Weist’s divorced single mother, Lucy, is a metaphor for the “new”, independent woman of that period. The film portrays her as a threat to her own children by neglect as a result. By pursuing her own selfish agenda at their expense, she also poses a danger, ultimately, to the fabric of the family and society itself. In the end, although Lucy and her family evade the clutches of the patriarchal Max, it is only through the enterprise of her father – a symbolic reassertion of the primacy of the paternal home, the only proper alternative to marriage – that they survive. Lucy is still not left in charge of her own romantic, sexual, or parental destiny, but is instead rescued and directed by a series of men.

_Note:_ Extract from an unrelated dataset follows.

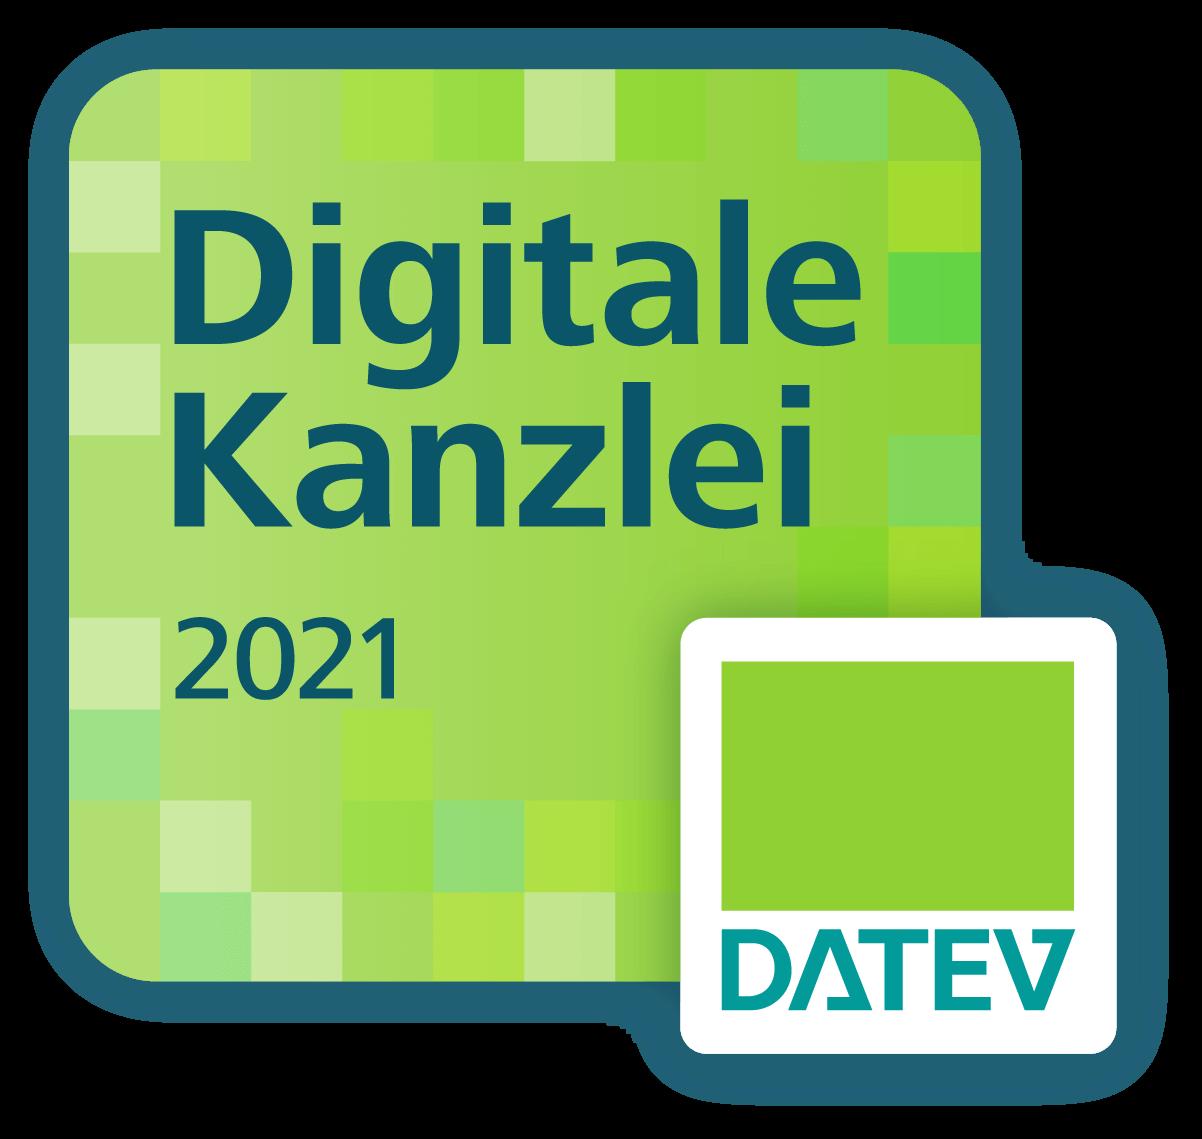 Digitale Kanzlei 2021 - DATEV

Although The Lost Boys appears, on the surface, just another slick teen horror flick, it is actually a metaphorical celebration of the triumph of patriarchy over the independent woman. A morality tale meant to warn all those “superwomen” of the 1980’s, who insisted on “having it all,” against their dangerous path toward family destruction.

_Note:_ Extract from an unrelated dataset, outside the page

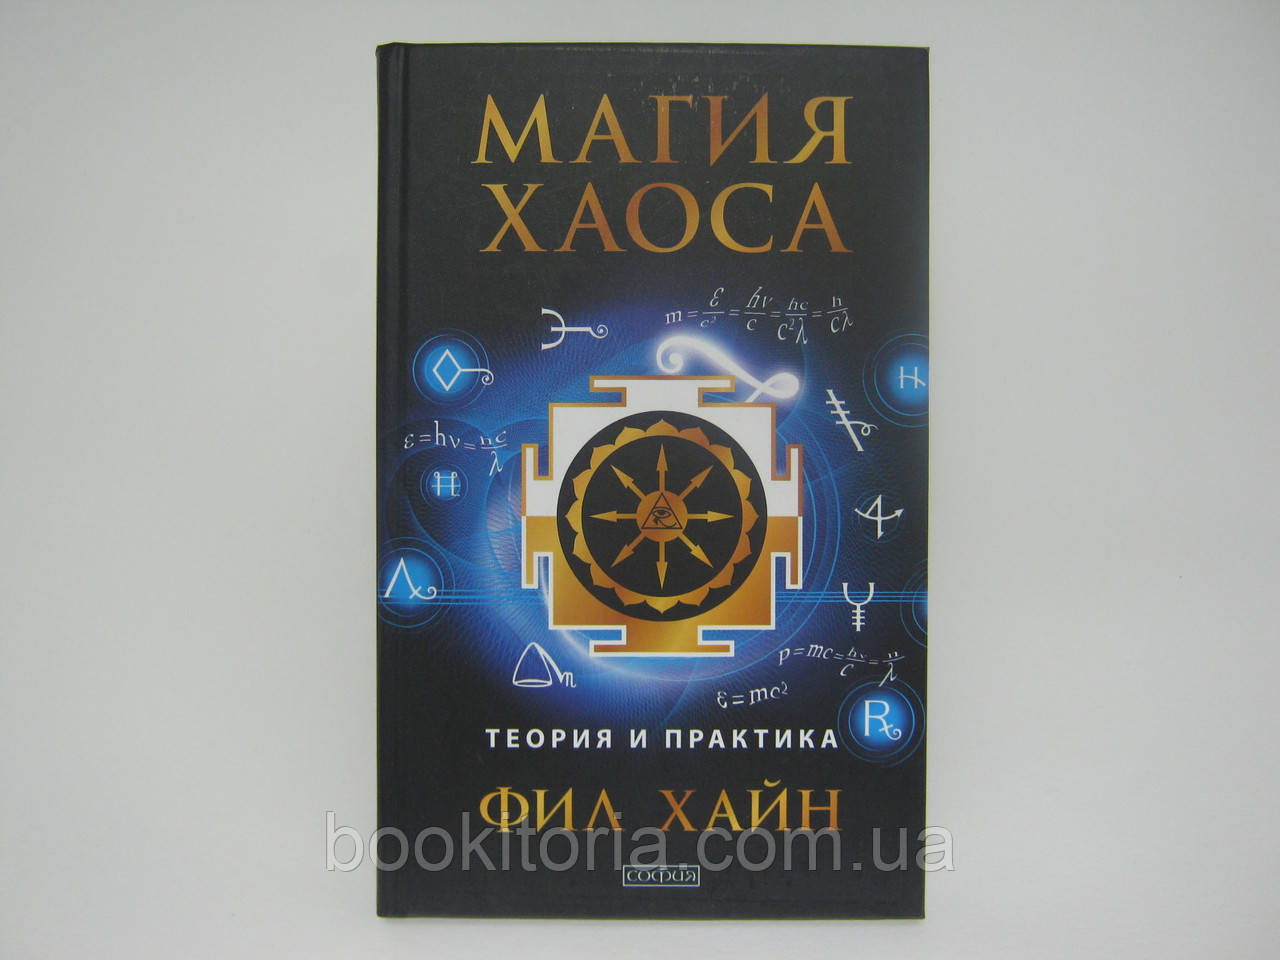 Хайн Ф. Магия хаоса. Теория и практика.

In the end, the men are the heroes of The Lost Boys. Only males act in the film’s events. Lucy is little more than a backdrop, the reason why all the bad things happen. She is passive, and has events acted upon her and her family because of her irresponsible decisions: first to divorce, then to move to Santa Carla, and finally to accept the suit of a monster, Max. As the passive, selfish female victim, Lucy must be saved by the active men and their selfless dedication to their family.
Lucy is the stereotypical “bad mother” of film cast in a 1980’s mold with a dash of vampire theatrics thrown in for dramatic spice. Whatever the packaging, the message is the same: if a woman seeks fulfillment outside the traditional family unit, she is doomed to misery, and puts her entire family and the very fabric of patriarchal society at risk by doing so. Dating the wrong man takes on a whole new meaning in The Lost Boys!